A blog from Warren Seddon, Director of FOI and Transparency, sets out how some of this might work in practice.
Prioritising requests with a clear public interest is a potentially a good idea. One of the complaints is that public bodies (see the Cabinet Office Clearing House) have worked out that they can basically make requests they don’t really want to answer, sort of, go away by delaying and refusing and delaying some more, knowing that when it gets to a complaint to the ICO, it’ll take even longer and the issue will be extremely old news by the time they get ordered to hand over the information.
Prioritising requests where there is a public interest in the information being public, so they’re likely to be resolved while still relevant, will hopefully defuse this tactic a bit. A clear criteria for what kind of requests get prioritised will also be useful.
Trying to get informal, early resolutions to cases isn’t really a new idea (the ICO loves to resolve things informally). It may work for some cases – those, potentially Section 12 cost ones, that could have been resolved with some advice and assistance (and a better refusal notice).
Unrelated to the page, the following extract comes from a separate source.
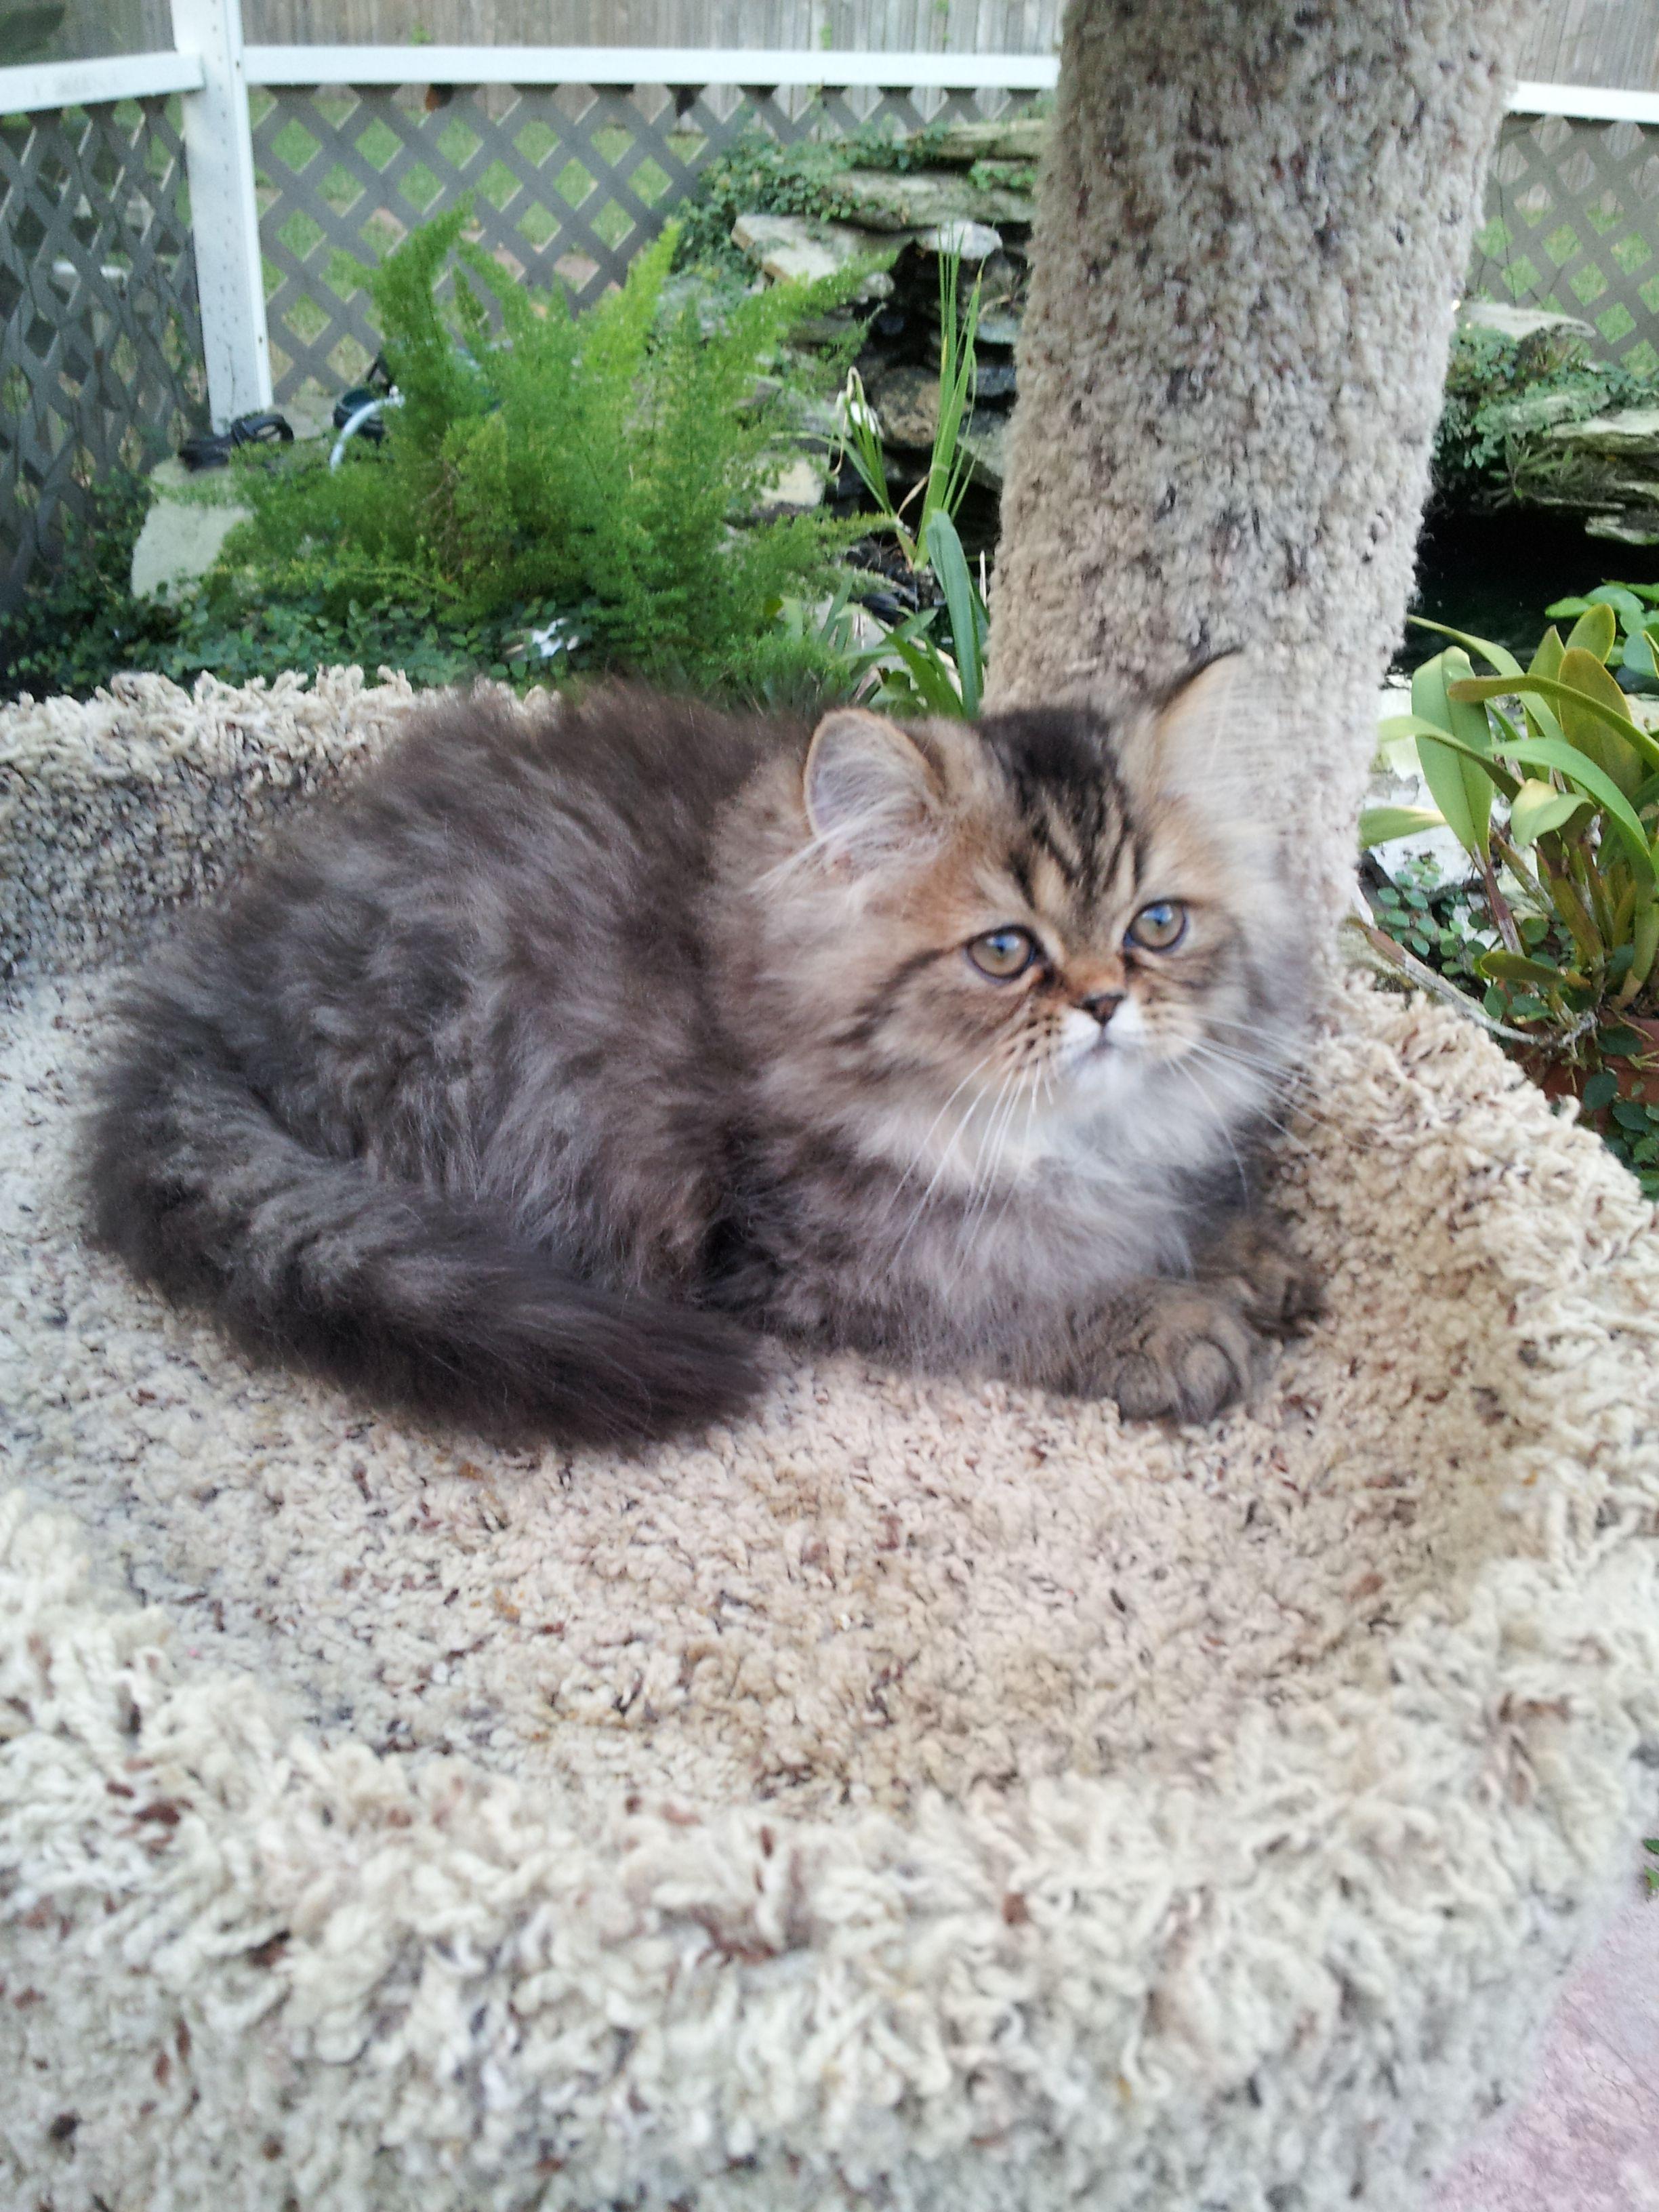 Brown Tabby Persian Kittens Pretty Cats Persian Kittens Kittens Cutest

I think it potentially has some limitations – where the ICO is trying to close cases as fast as possible (and they will be “exploring how, as part of the commitments we make in ICO25, we can clear the cases already with our office even quicker than planned”), the risk is the requester gets a still poor response or has to keep pushing the ICO to resolve the problem properly. This may be where the agile approach in the action plan comes in – are we going to be balancing getting it done with getting it right?
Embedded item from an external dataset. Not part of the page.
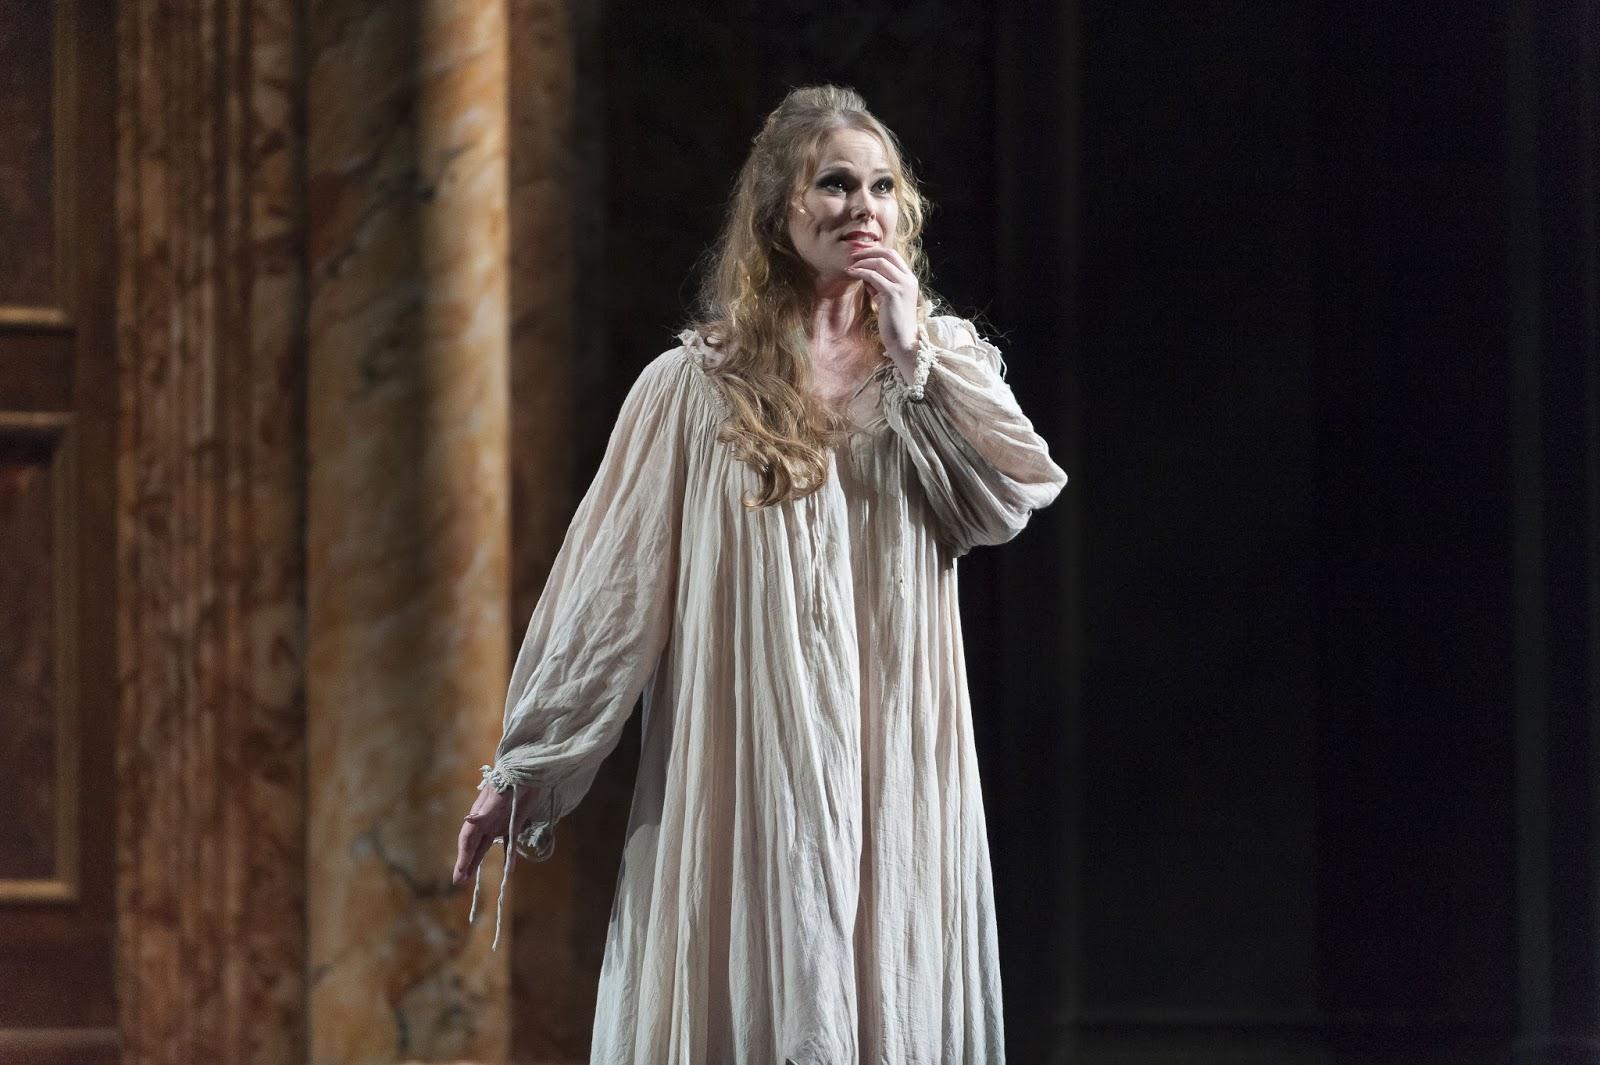 SINGER SPOTLIGHT: Soprano JESSICA PRATT as Gilda in Teatro de la Maestranza's 2013 production of Giuseppe Verdi's RIGOLETTO in Sevilla, Spain [Photo by Jesús Morón, © by Teatro de la Maestranza]

The other issue is decision notices can be useful for heading off other refusals because you can refer to them in internal reviews. Fewer decision notices, less up to date guidance. The commitment to publish all freedom of information case outcomes and all recommendations from complaints handling and audit work may help here, if that happens and is detailed enough.
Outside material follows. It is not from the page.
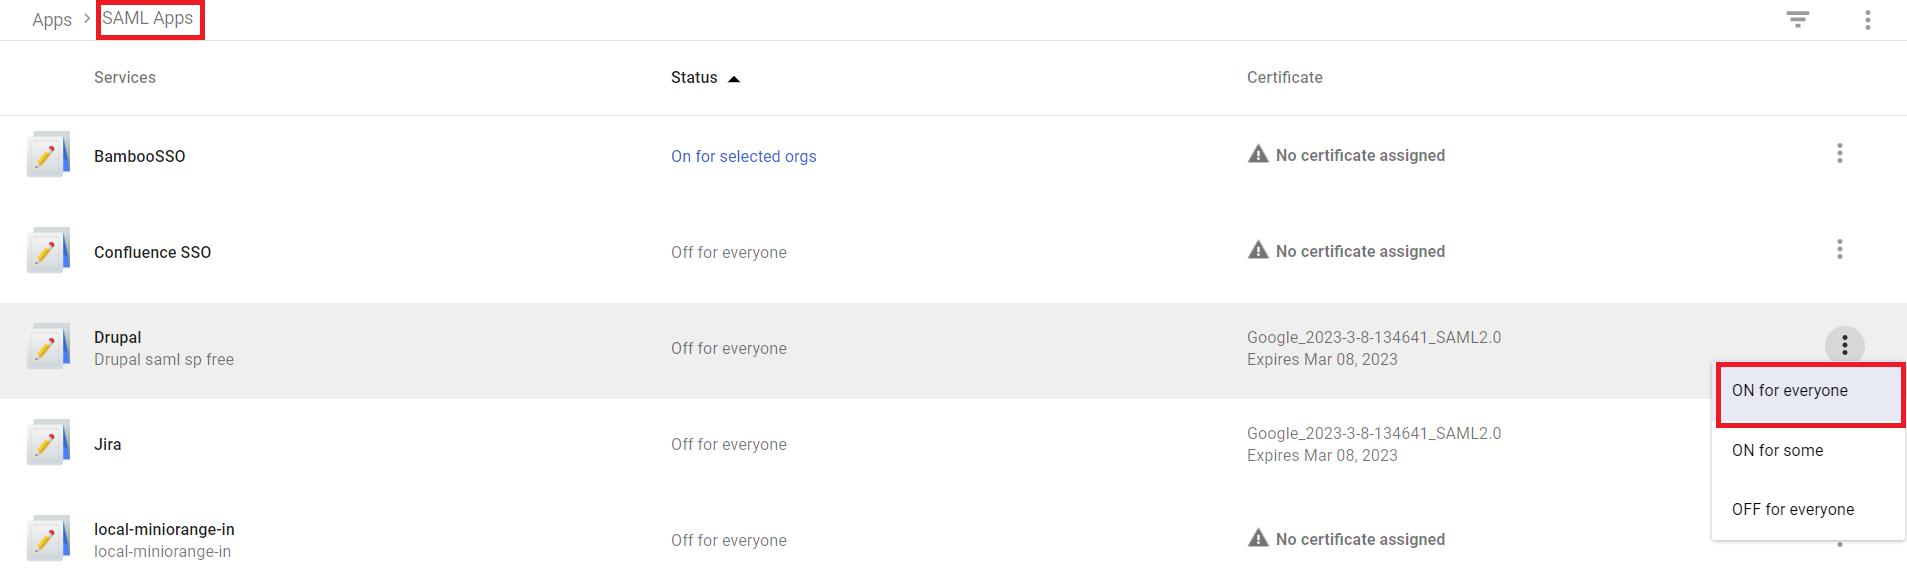 Google-apps idp

Complimenting this work, we will be improving the way our formal Decision Notices are presented on the ICO website so that they are easier to search though and access by subject matter or exemption quoted. This will help public authorities and requesters see how we have ruled on similar cases before helping to inform public authority responses and helping requesters understand if a decision is likely to be overturned by our office.
The ICO acknowledges decision notices are useful guidance – it plans to improve how they’re presented on its website to make them easier to search and reference, to help inform public authority responses and help requesters understand if a decision is likely to be overturned by our office. Clearer guidance would be good (there are some terrible quality refusals happening), but it may be useful to issue more alongside decision notices (especially if one of the other objectives is reducing decision notices).
Finally, we might actually see some enforcement action. “We are committing to delivering more systemic enforcement action against public authorities that clearly and consistently fail to meet their FOI obligations”, is a big improvement on “where necessary we will take enforcement action to secure compliance and uphold the law” (note: it will never be necessary).
Enforcement action is desperately needed for the worst offenders, because as noted above, plenty have worked out they can just not comply with the FOI Act with very few consequences. Better guidance and quicker informal resolutions are good, but they won’t work if there is no enforcement action to deal with those who don’t want to improve.